We must come to believe that our writing is worth reading by others.
Tom Romano
At a recent lunch with two teacher friends, we were debating the systemic problems that affect our school system. One, a former science teacher and mother to 2 children who have been in the advanced program sees a move away from teaching basics (like having kids memorize the parts of the cell and their functions as a foundation to higher learning) and a dumbing down of the curriculum. My other friend, who teaches GT 6th graders and who used to teach elementary, 4/5, advanced program, has noticed that these students are coming to middle school unable to think, reason or problem solve. They are reluctant to do the heavy lifting necessary to engage in these processes. They are reluctant to engage in the learning process and prefer teacher directed instruction. How does this relate to writing. I asked them why our kids write personal narratives. One said to learn and practice writing skills. The other said that even kids who don't know anything can at least write about themselves. I added that kids need to be able to explain things, refering back to Burke's chapter - skills needed for a flat world. None of us focused on the process of writing, the joy of writing for writing's sake, or as Romano says "[l]anguage is for discovery."

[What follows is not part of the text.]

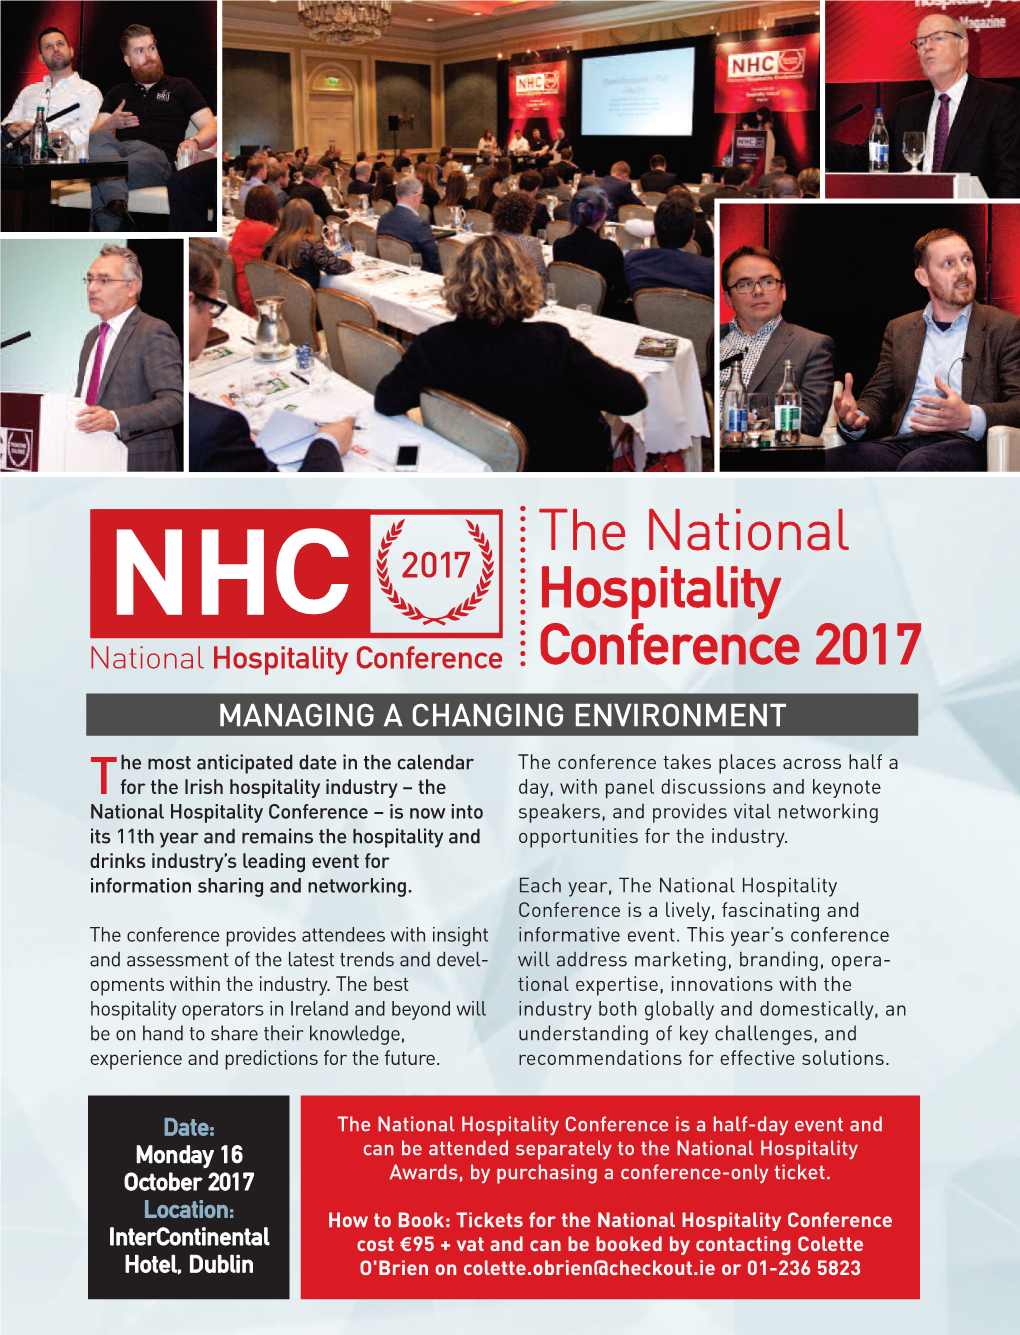 The National Hospitality Conference 2017
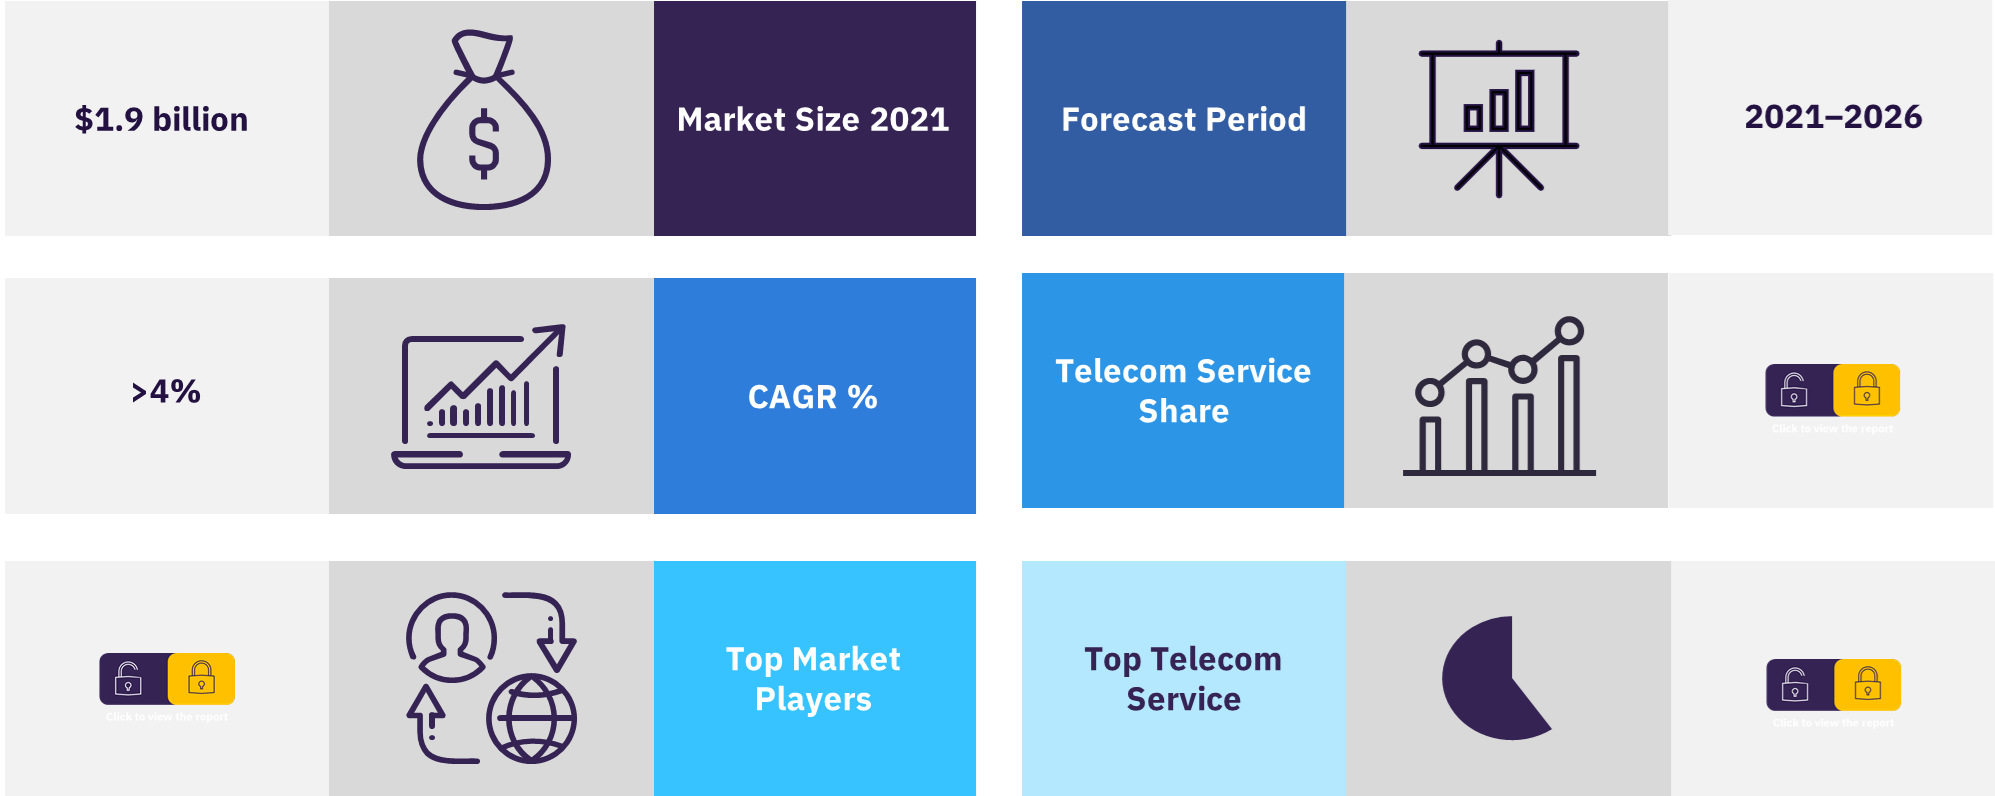 Overview of the Ghana telecommunication market

I see it as a process vs. product issue. In our classrooms, writing is used to show what kids know - all of our rubrics look at the end product, not the journey to get there. Creativity is not valued, and we don't look at writing as a way of discovery and learning (other than learning to be a better writer!). I love the challenge of writing - but even with all of the briefs, contracts, letters, lesson plans, papers, reflections, etc. that I have written, I do not look at it as a creative process. Its about changing the lens by which we look at all forms of writing, including our own.